Jackie Kiddle

Personal information
- Nationality: New Zealand
- Born: 16 July 1994 (age 31) New Plymouth, New Zealand

Sport
- Country: New Zealand
- Sport: Rowing
- Event: Lightweight double sculls
- Club: Star Boating Club

Medal record
Women's rowing
Representing New Zealand
World Championships
| Gold medal – first place | 2019 Ottensheim | Lwt double sculls |
| Silver medal – second place | 2017 Sarasota | Lwt double sculls |
| Bronze medal – third place | 2022 Račice | Lwt single sculls |
World Championships (U23)
| Gold medal – first place | 2015 Plovdiv | Lwt double sculls |
| Silver medal – second place | 2016 Rotterdam | Lwt double sculls |

= Jackie Kiddle =

New Zealand rower (born 1994)

Jackie Kiddle (born 16 July 1994) is a rower from New Zealand.
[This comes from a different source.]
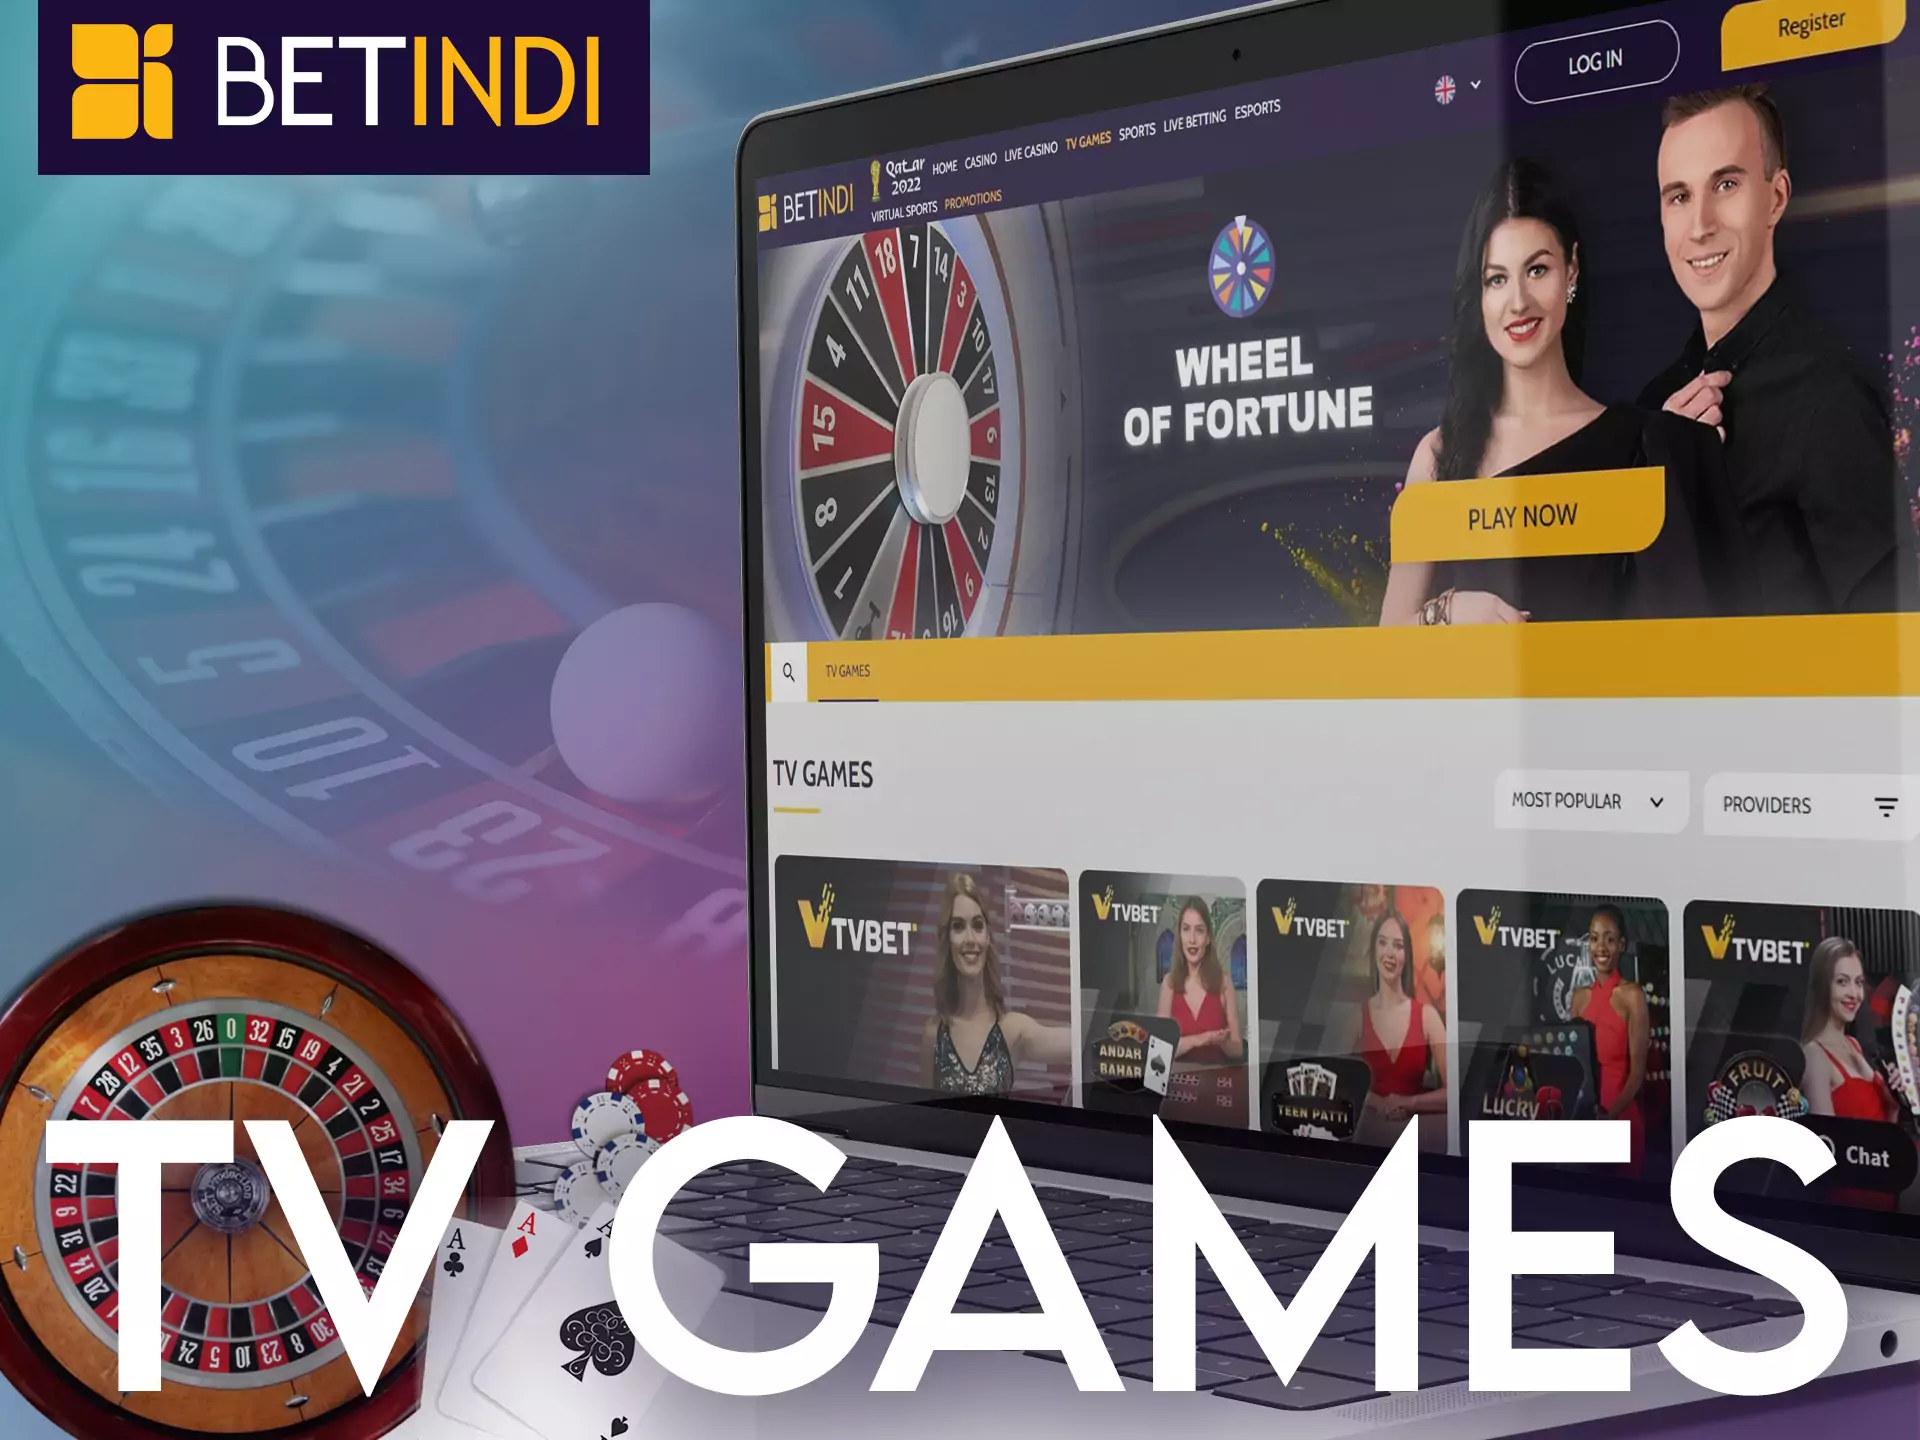 With Betindi, join TV casino games.

She participated in Woman's rowing sport and represented New Zealand in several International Championships(including U23).

==Life==
Kiddle received her education at Wellington Girls' College, and she took up rowing in 2008 in her final year. She represented New Zealand at the 2013 Australian Youth Olympic Festival. Kiddle's first appearance at a FISA event was at the 2014 World Rowing U23 Championships in Varese, Italy, where she came fourth in the lightweight single sculls. At the 2015 World Rowing U23 Championships in Plovdiv, Bulgaria, she won gold in the lightweight double sculls with Zoe McBride, setting a new world best time. At the 2016 World Rowing U23 Championships at the Willem-Alexander Baan in Rotterdam, Netherlands, she won a silver medal lightweight double sculls with Lucy Jonas. At the 2017 World Rowing Championships in Sarasota, Florida, she won a silver medal in the lightweight double sculls partnered with Zoe McBride. At the 2018 World Rowing Championships in Plovdiv, Bulgaria, McBride and Kiddle came sixth in the lightweight double sculls.

Kiddle completed an MSc in animal behaviour at the University of Waikato in 2021.